I would rate this 3.5 stars.

Devon’s secret is…he wants a Daddy, but has not ever told anyone–not even his husband. After their 30 year relationship, and 20 year marriage, has ended, Devon is beaten down by life. Who would want a boy who’s almost 50? Bern, the son of Devon’s best friend just returned from the service. Devon has no idea that Bern has always wanted him. What was once a crush, became caring nearing on obsession for Bern so that he went away to college and then joined the service. As soon as Bern learns of the divorce, he hands in his papers so he can come home and claim what he has always believed was his.

This starts in the past with Bern’s POV, which is a brilliant way to establish him as a character. His Dad Murray gets it because he had a similar dynamic with his wife. Father and son are honest with each other and he knows who his son is as a person. Bern’s upbringing and personality have resulted in him being a dominant caregiver, making him perfect for Devon. Of course, Devon has no idea. Devon’s POV lets us see his shock at Bern as a man. We get to see his sadness, his loneliness, his longing.

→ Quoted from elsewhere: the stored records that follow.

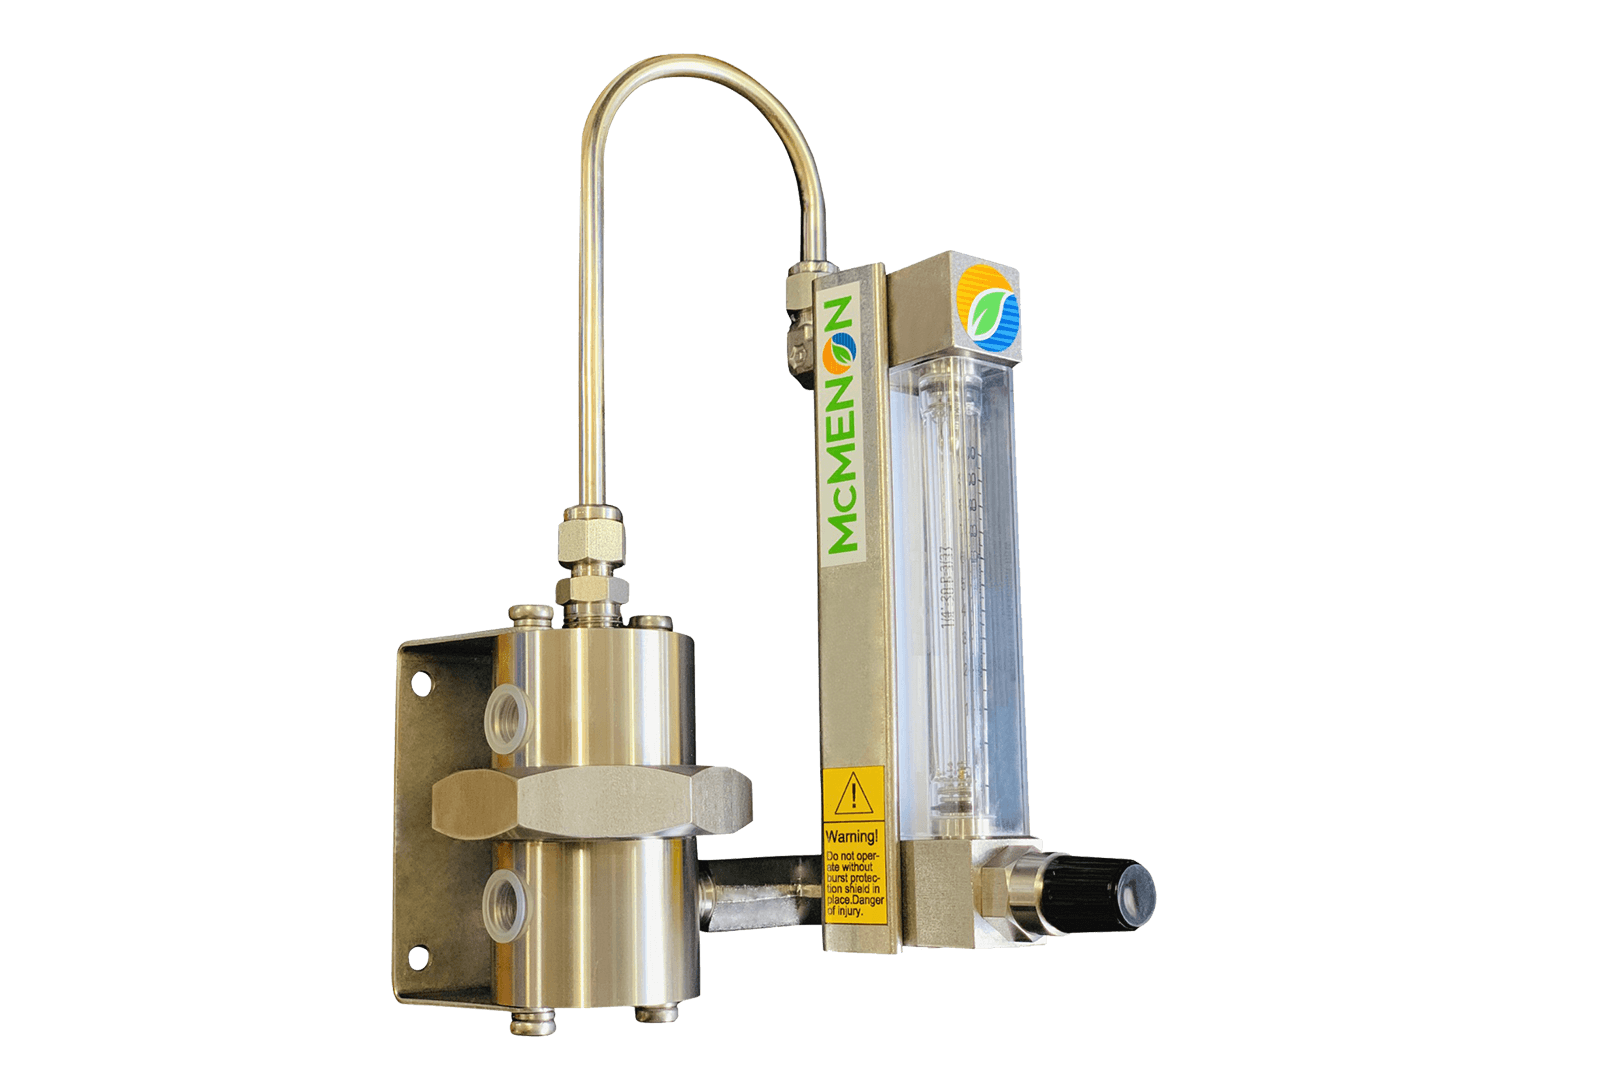 Enkelt snap-in variabelt area (VA) rotameter med regulator for jevn strøm av ulike væsker eller gasser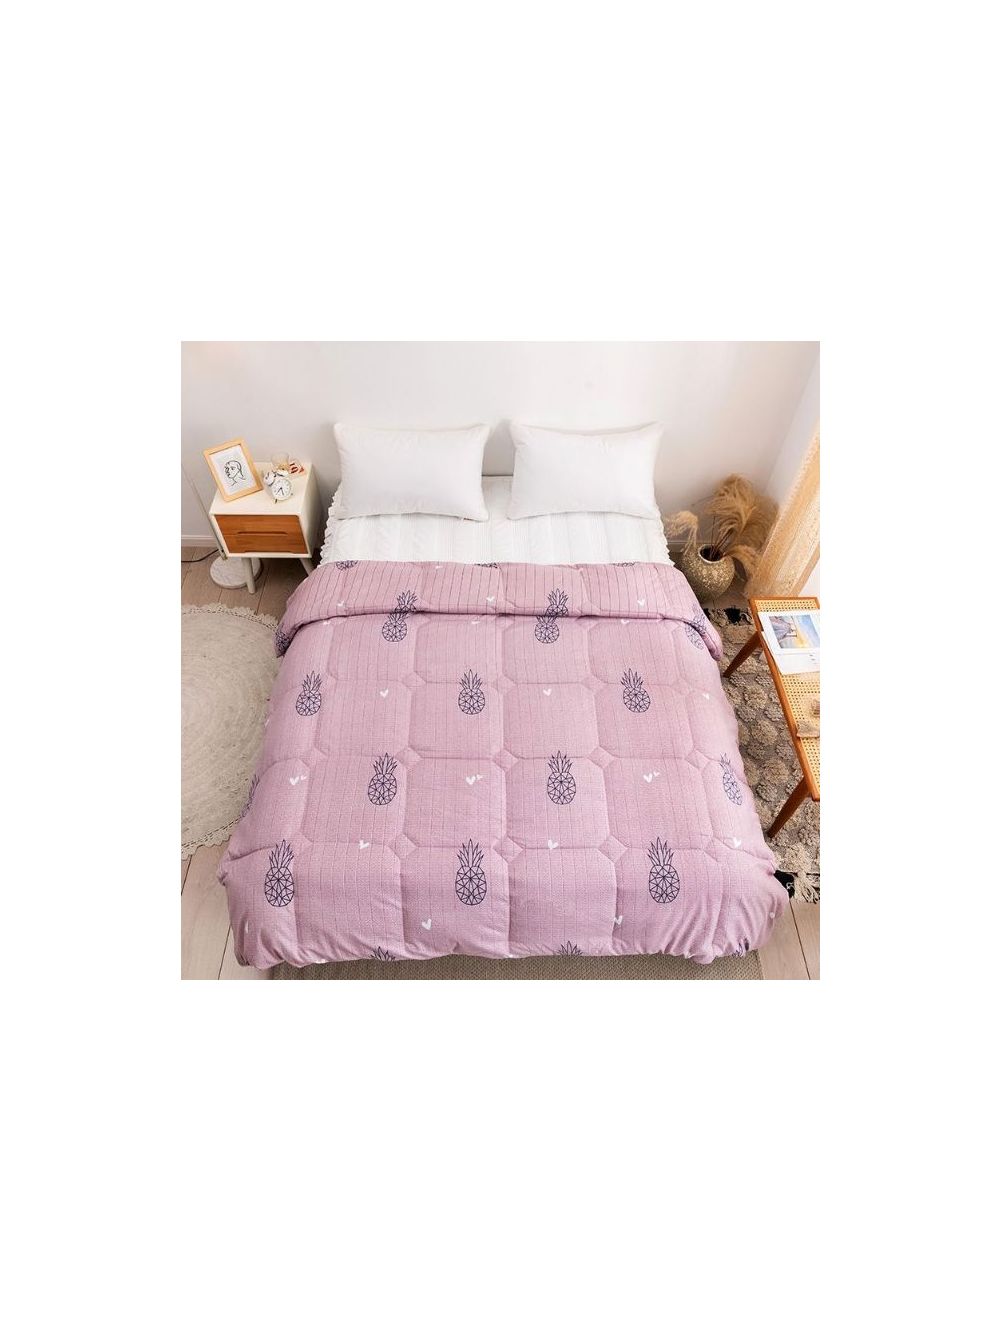 Rishahome Del Rio King Size Comforter Microfiber Multicolour 220x240cm-DRIC0003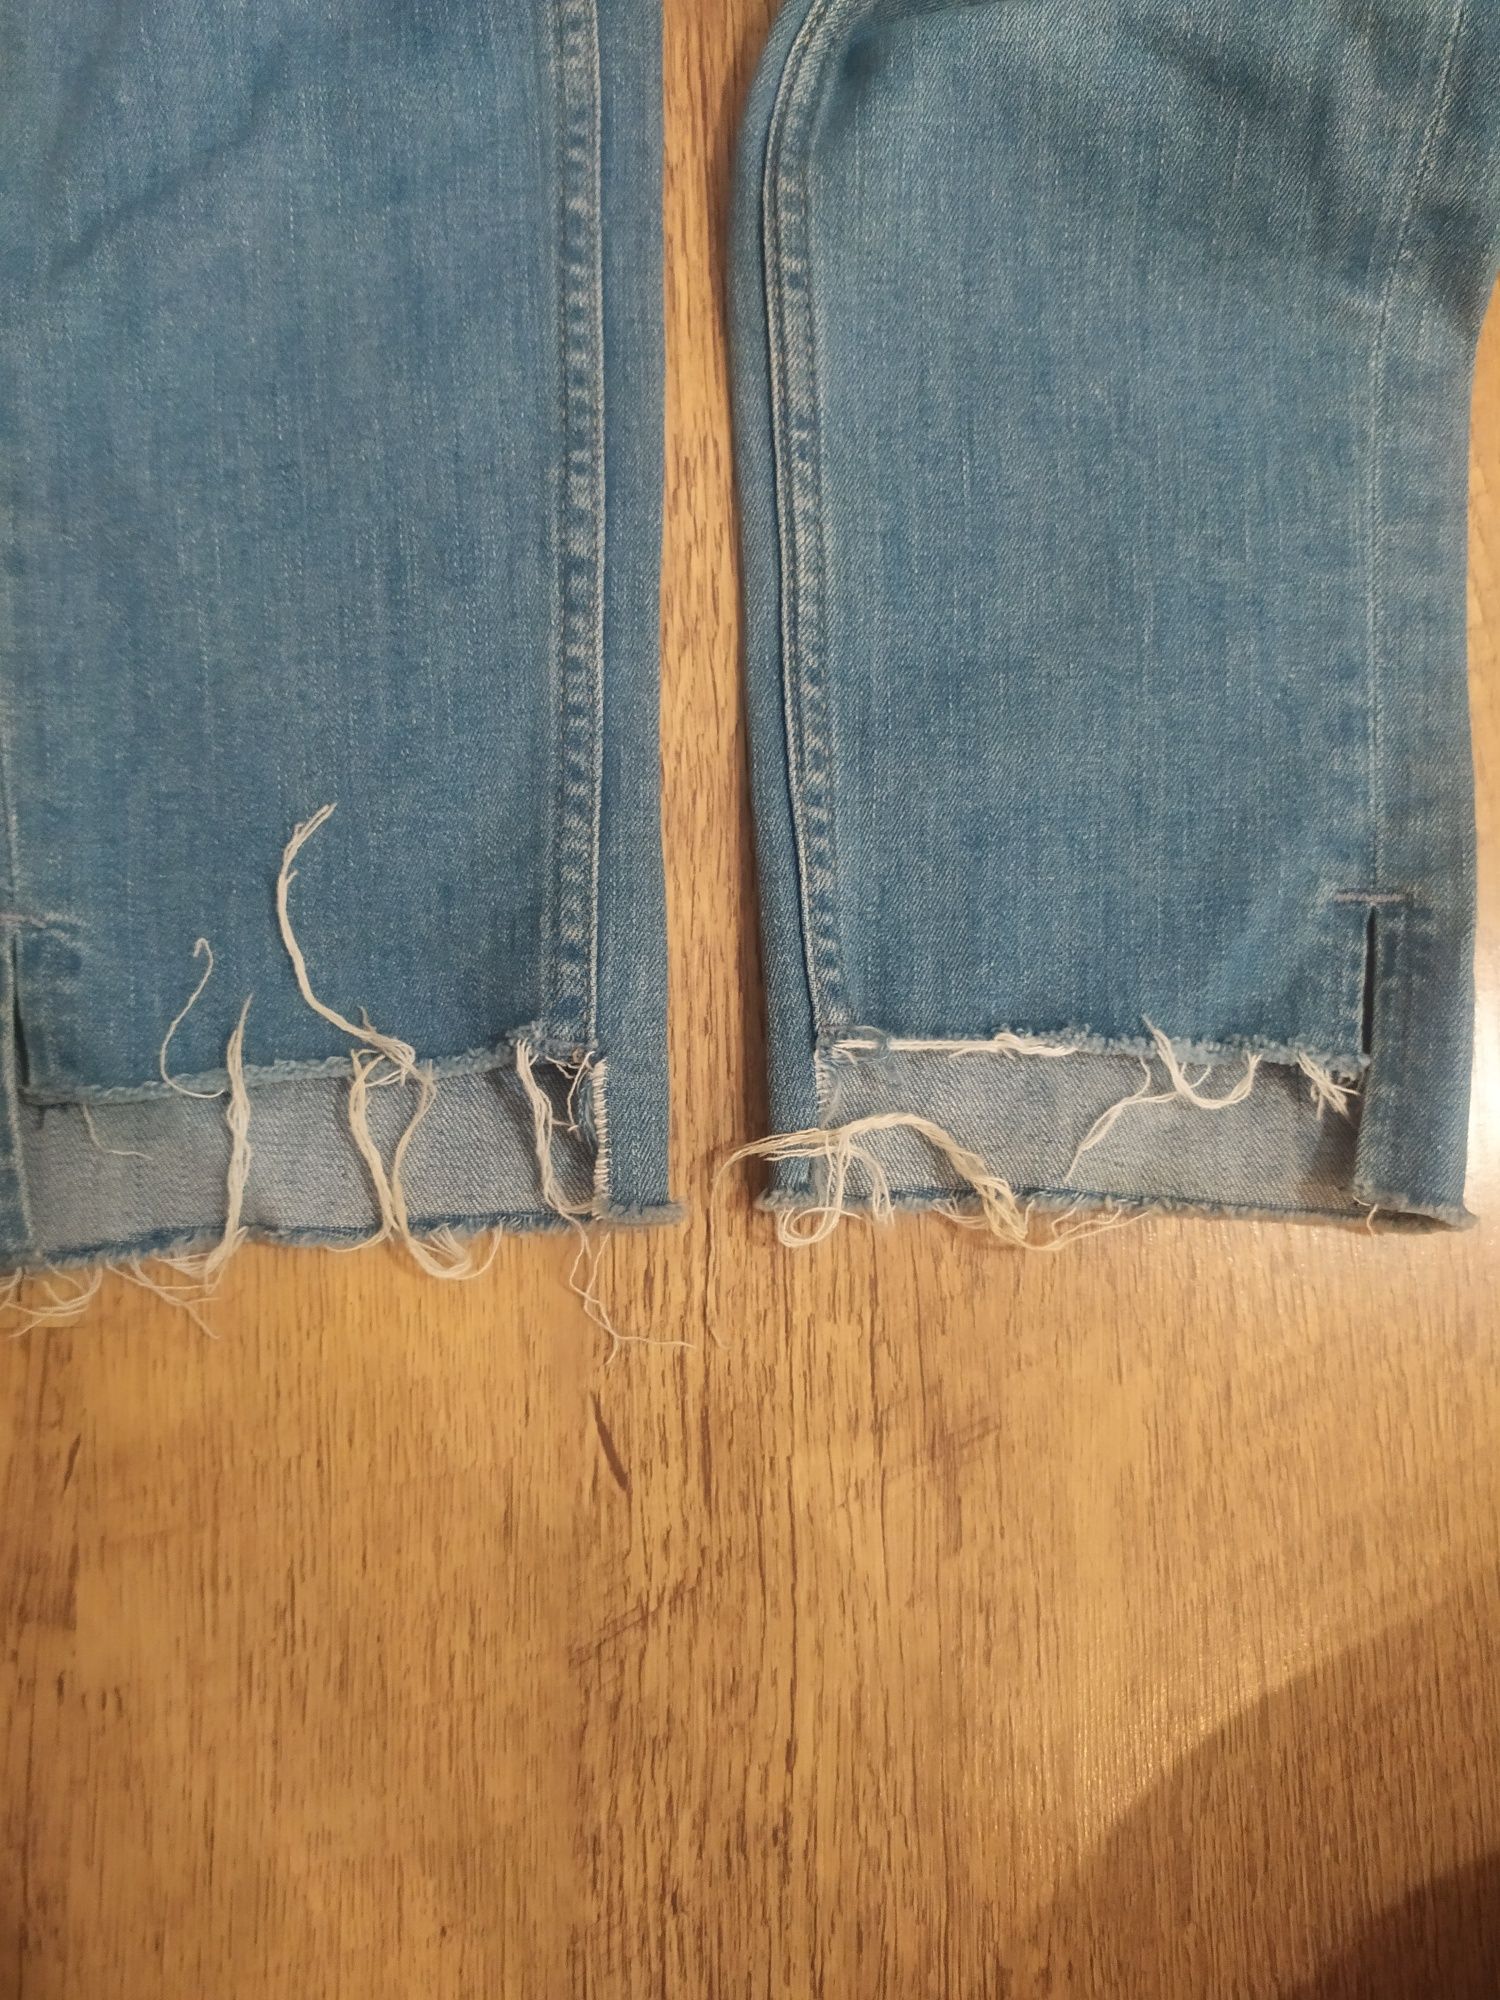 Стильные летние джинсы брюки для беременных

He has never asked for what he wanted, and buried it in shame.

Bern has a plan, and takes charge…parts of this hit me as a little intense or creepy, him having studied every little thing about Devon’s likes/dislikes for YEARS. This is not just age gap, but age play. While Daddy/little is mentioned more than once, there is not too much detail–the reader is not immersed in this kink, but it has a little more than most novels out there that just use the words. Once they get together, this goes fast with explicit content. There is less dialogue, with large portions of the book happening in their heads. It is also slightly repetitive in their thoughts. I get annoyed when authors write older or younger characters unrealistically so I am happy to report that is not the case here. Devon is age appropriate when he is not a little. It’s great to see Devon embracing his submission, being less self conscious, less insecure, and unashamed about what he wants with Bern. This is a sweet, hot, wish fulfillment story.